InData Labs vs Oxagile: full comparison for 2026
Last updated: July 2026
Quick verdict
InData Labs (4.8/5) edges ahead of Oxagile (3.8/5) overall. InData Labs is the better choice for mid-market companies needing custom production-grade ML systems with verified delivery track record and ongoing support. Oxagile is the stronger option for media, sports, and AdTech companies needing AI and ML capabilities integrated into video platforms and content analytics systems. The right choice depends on your project size, budget, and required tech stack.

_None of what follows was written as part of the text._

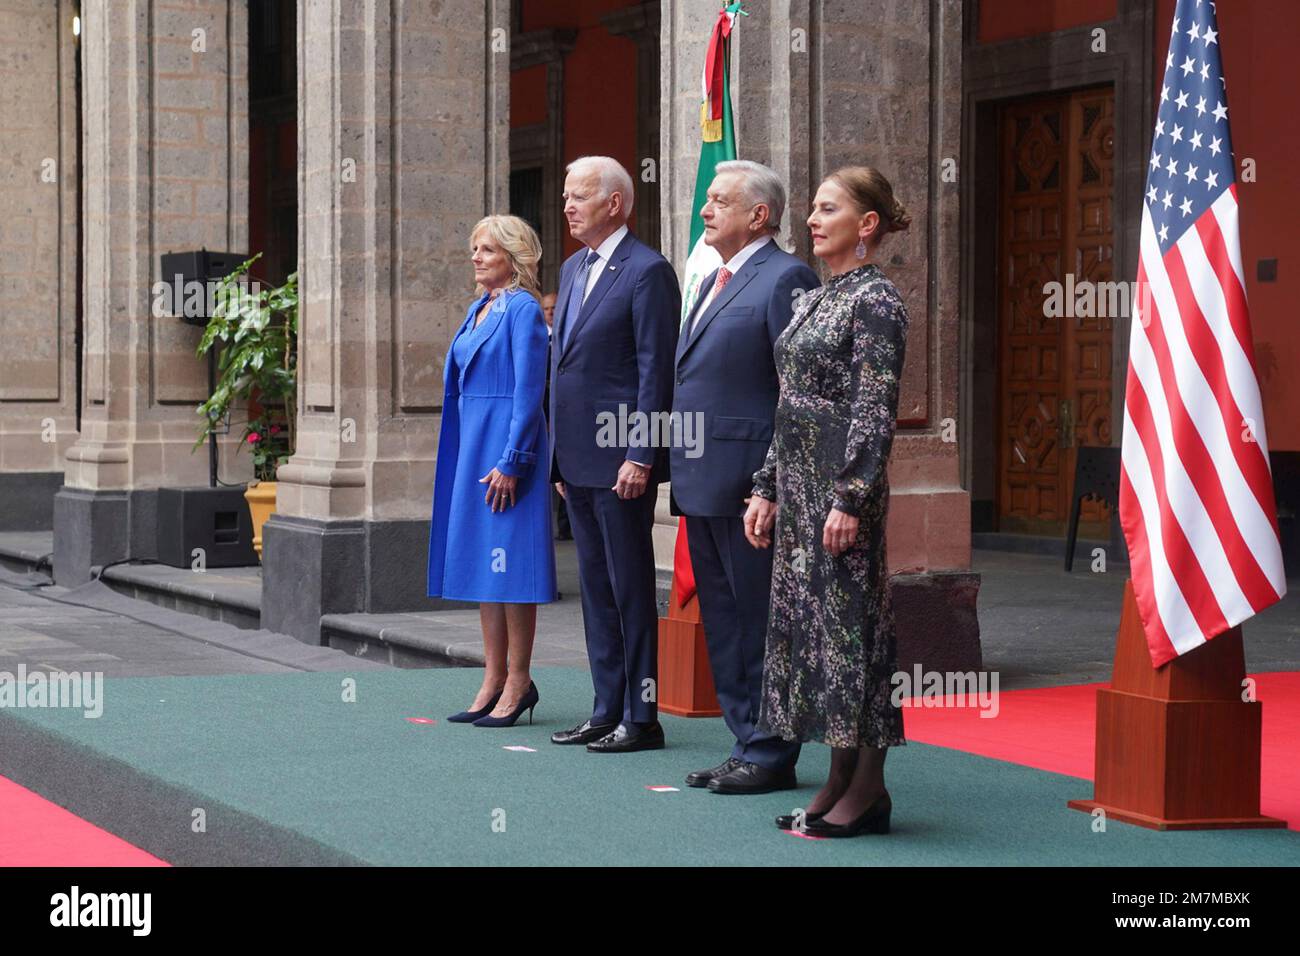 Mexico City, Mexico. 09th Jan, 2023. U.S President Joe Biden, and Mexican President Andres Manuel Lopez Obrador during the arrival ceremony before the North American Leaders Summit at the Palacio Nacional, January 9, 2023 in Mexico City, Mexico. Standing from left: First lady Jill Biden, U.S. President Joe Biden, Mexican President Andres Manuel Lopez Obrador and his wife Beatriz Gutierrez Muller. Credit: Presidencia de la Republica Mexicana/Mexican Presidents Office/Alamy Live News Stock Photo
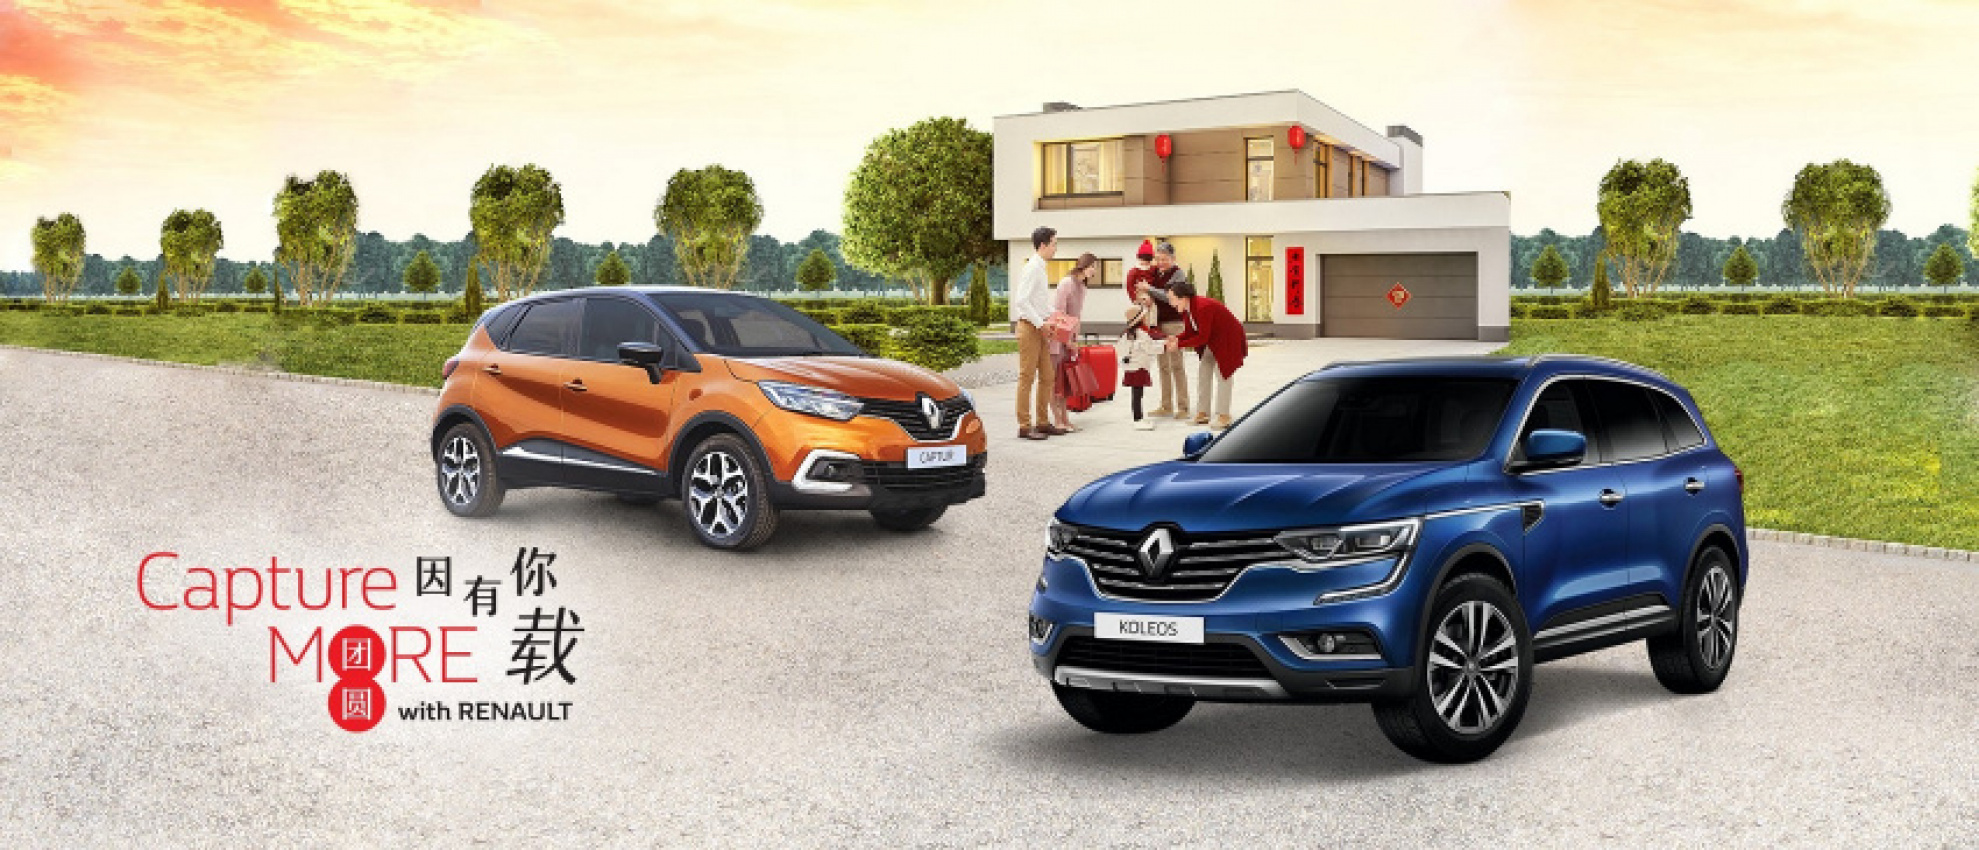 autos, car brands, cars, renault, cars, malaysia, promotion, tc euro cars, tcec, tc euro cars ‘capture more with renault’ campaign

InData Labs vs Oxagile: head-to-head summary
| Criterion | InData Labs | Oxagile |
|---|---|---|
| Founded | 2014 | 2005 |
| HQ | Nicosia, Cyprus | New York, NY, USA / Minsk, Belarus |
| Team size | 100–200 | 400–600 |
| Rating | 4.8 / 5 | 3.8 / 5 |
| Best for | Mid-market companies needing custom production-grade ML systems with verified delivery track record and ongoing support | Media, sports, and AdTech companies needing AI and ML capabilities integrated into video platforms and content analytics systems |
| Pricing model | Fixed project, T&M, retainer | Fixed project, dedicated team, T&M |
| Min. engagement | $25K | $25K |
| Primary tech stack | Python, TensorFlow, PyTorch | Python, TensorFlow, OpenCV |
| Industries served | FinTech, Healthcare, SaaS, Retail, Logistics, E-commerce | E-commerce, Healthcare, Manufacturing, Logistics, SaaS |
InData Labs vs Oxagile: overview
InData Labs
InData Labs is a specialist AI and data science consultancy founded in 2014, headquartered in Nicosia, Cyprus with offices in Lithuania and the United States. The firm builds production-grade machine learning systems across predictive analytics, computer vision, NLP, and recommendation engine use cases. With a 4.9/5 rating on Clutch across 18 verified reviews, InData Labs has established a reputation for delivery accountability and post-launch iteration support. The team of 100–200 data scientists and ML engineers focuses exclusively on AI and data science, with no legacy software development distraction.
Oxagile
Oxagile is a custom software development firm founded in 2005 with offices in New York and Minsk, Belarus, specialising in video domain AI, AdTech, business intelligence, and educational technology. The firm's machine learning practice focuses on object recognition, video analytics, and AI-powered media solutions, drawing on over 20 years of video technology delivery. Oxagile's ML engineering team works with clients in sports, media, advertising, and education to deliver production-grade AI features integrated into video platforms. The firm employs 400+ engineers.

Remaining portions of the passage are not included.